Alleged errors of fact

Whether the vehicle was jumpstarted and whether the appellant followed a recommendation to take the vehicle to an authorised dealer as soon as possible to have the battery fully bench checked and the electrical system reset as necessary

  1. The appellant alleged that the Presidential Member made an error of fact by finding that the RA had recommended that the vehicle be taken to a dealership to have the electrical system reset. The Presidential Member made the following statement in the hearing on 16 December 2021:

    I have no third-party evidence that the actions recommended by… Mercedes-Benz roadside assistance were followed.[55]

    [55] Transcript of proceedings on 16 December 2020 page 14

  2. The appellant seems to have alleged that the RA did not make any recommendation to take the car to the service. This assertion is contradicted by documentary evidence.

  3. The roadside assistance referral document number 1078352 (the RA Docket) was served with the appellant’s bundle of documents on 18 November 2020 therefore formed part of the evidence that was considered by the original tribunal.[56] The docket is listed as incident 19002911 and was signed by Dr Quach.
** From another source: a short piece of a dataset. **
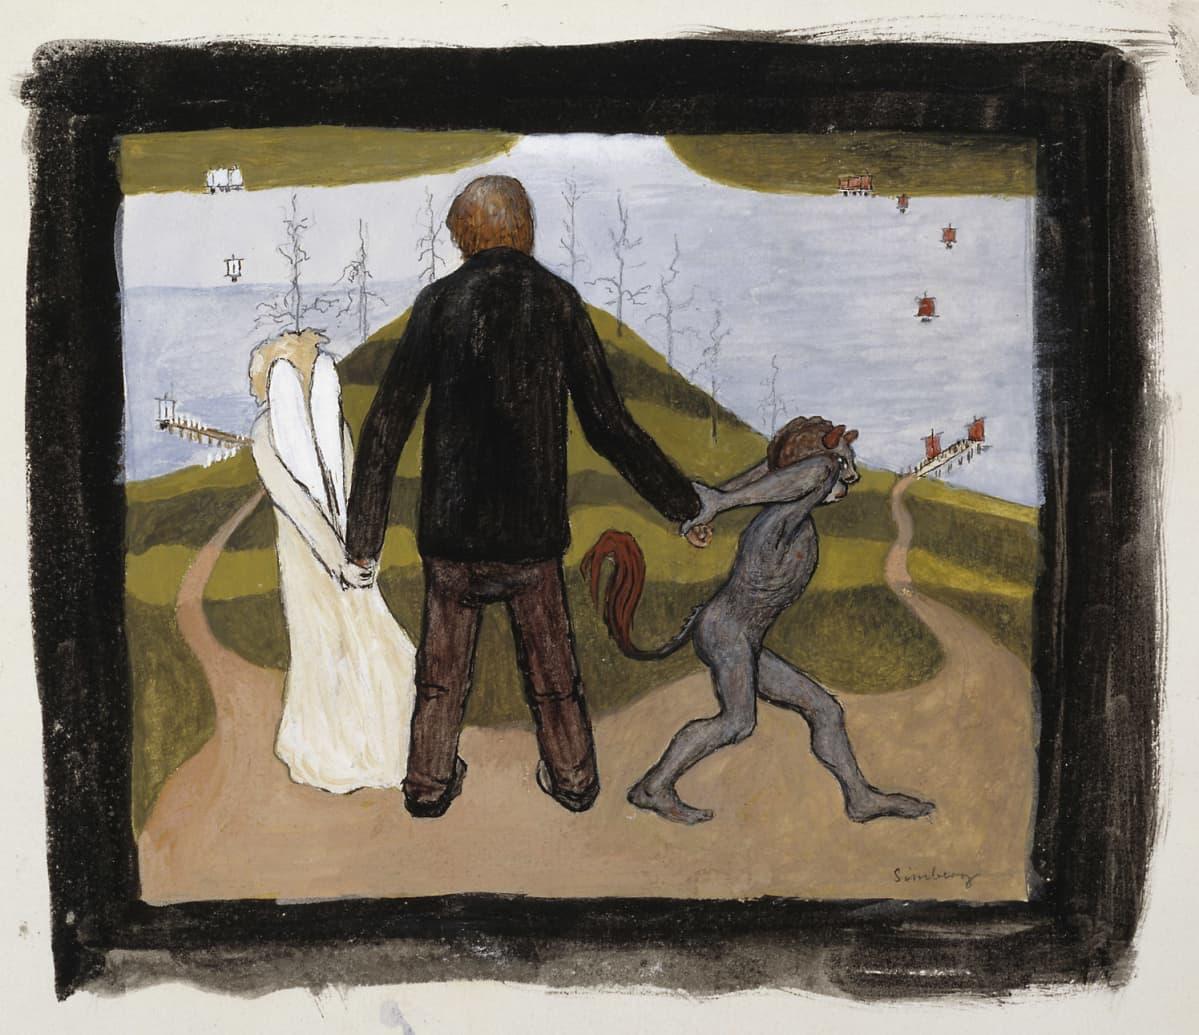 Hugo Simberg: Tienhaarassa

The box (stating that the vehicle has been jumpstarted and must be driven as soon as possible to an authorised dealer to have the battery fully bench checked and electrical system reset as necessary) has been ticked. This document constitutes independent evidence of the recommendation that was made by the RA.

    [56] Appeal Book page 65

  4. Dr Quach challenged this finding on the basis of an assertion that Mercedes cannot be jumpstarted and the Presidential Member stated that this is not a known fact. She said:

    [O]n the evidence that has been filed, I have a number of assertions from Dr Quach that Mercedes can’t be jump started. That is not a known fact.[57]
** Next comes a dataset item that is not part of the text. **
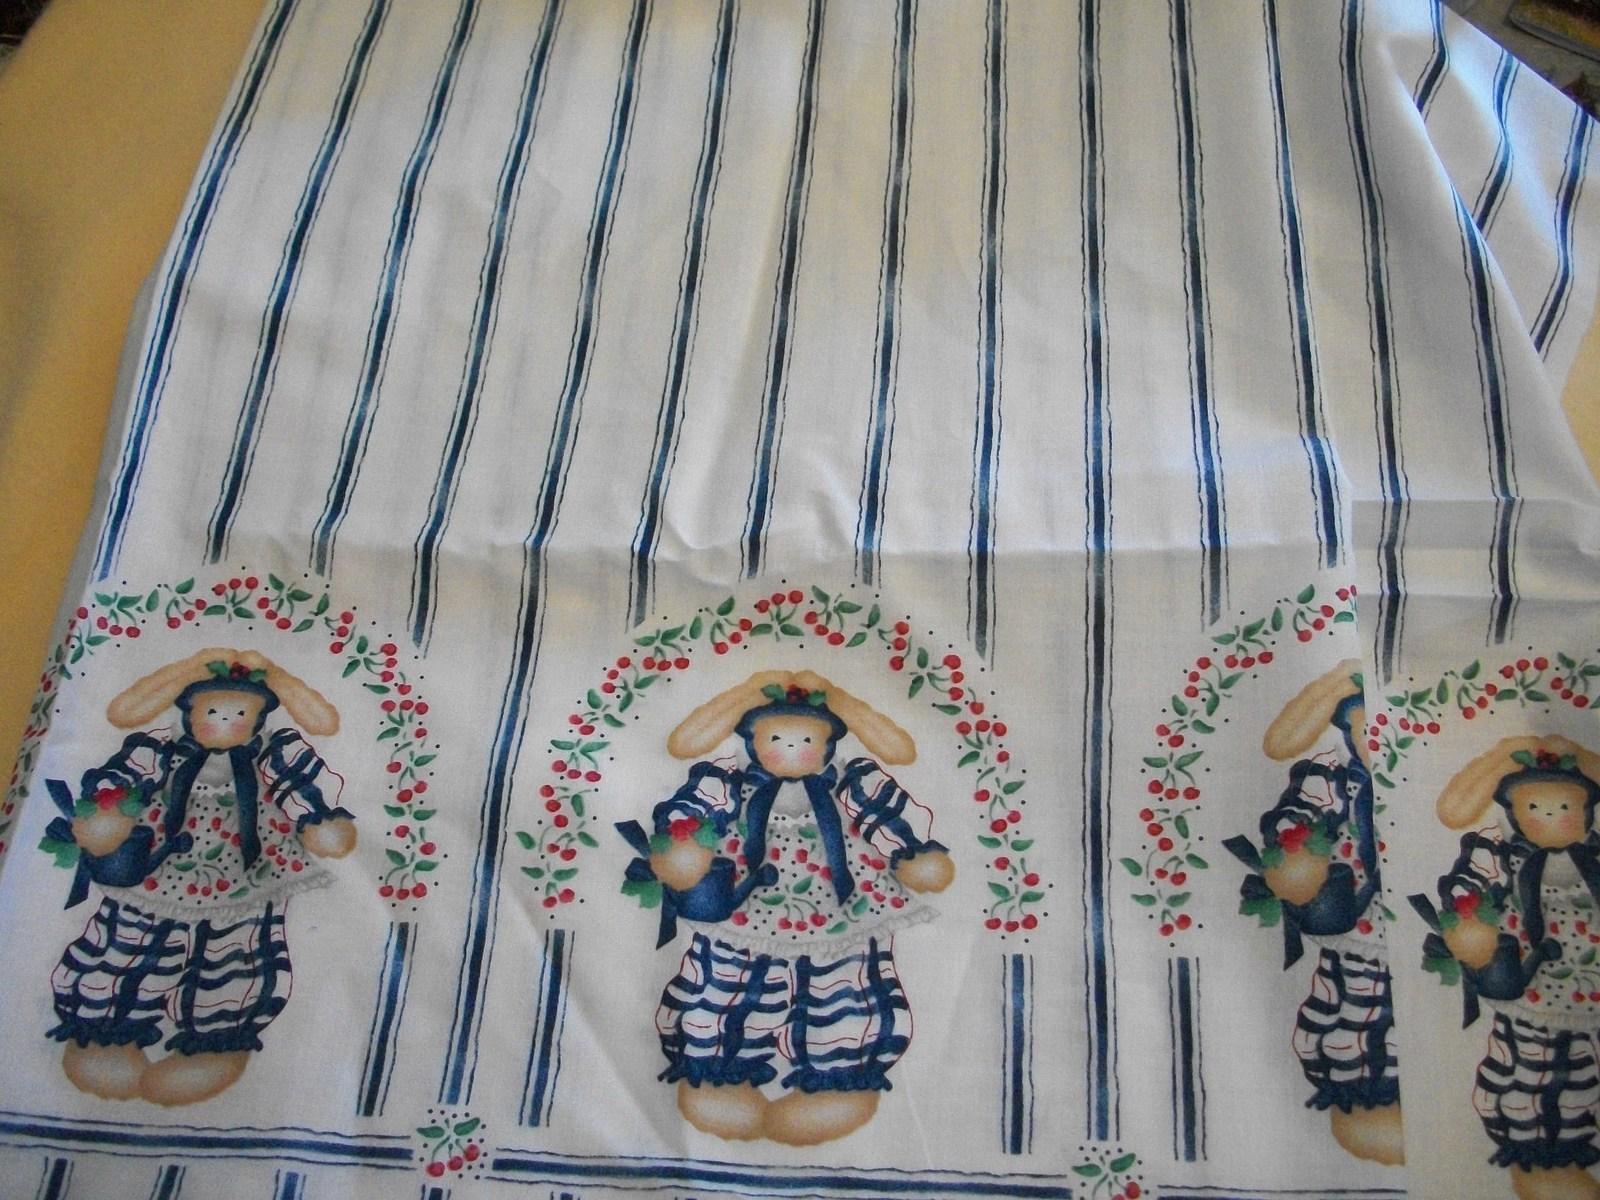 Elsie Bunny Border Print Fabric - $14.00

    [57] Transcript of proceedings on 16 December 2020 page 14

  5. Dr Quach merely asserted this fact and did not present any additional, independent evidence in support of this assertion. It was perfectly appropriate for the Presidential Member to prefer the probative value of the document that was created at the time of the incident rather than relying on the unsupported assertion of Dr Quach. The Presidential Member concluded there was a lack of third-party evidence that the action recommended by the RA was followed by Dr Quach.

  6. Evidence was led by Dr Quach in relation to the condition of the vehicle via the Peter Warren Automotive report. However, this report did not establish that Dr Quach had taken the vehicle in a timely way to have it checked as recommended by the RA or to support the proposition put by Dr Quach that Mercedes-Benz cars cannot be jumpstarted.

  7. The Presidential Member noted that there was no third-party evidence led by Dr Quach in support of the proposition that Mercedes cars cannot be jumpstarted. Dr Quach stated in the appeal proceedings that he didn’t consent to the car being jumpstarted. This does not disprove that the car was in fact jumpstarted, as revealed by the documentary evidence in the form of the RA Docket. The RA Docket contemporaneously proves the opposite finding – that Dr Quach did consent to the car being jumpstarted – but in any case, his consent to the jumpstarting is a side issue. The RA Docket is proof that the vehicle was jumpstarted and there was a recommendation that the vehicle be taken as soon as possible to an authorised dealership to have the battery fully bench checked and the electrical systems reset as necessary. There was no evidence led by the applicant that the vehicle was not jumpstarted other than his general assertions that one cannot jumpstart Mercedes cars and no evidence that he followed the RA’s recommendation as stipulated in the RA Docket that he had signed.

    Did the jumpstarting cause damage to the vehicle?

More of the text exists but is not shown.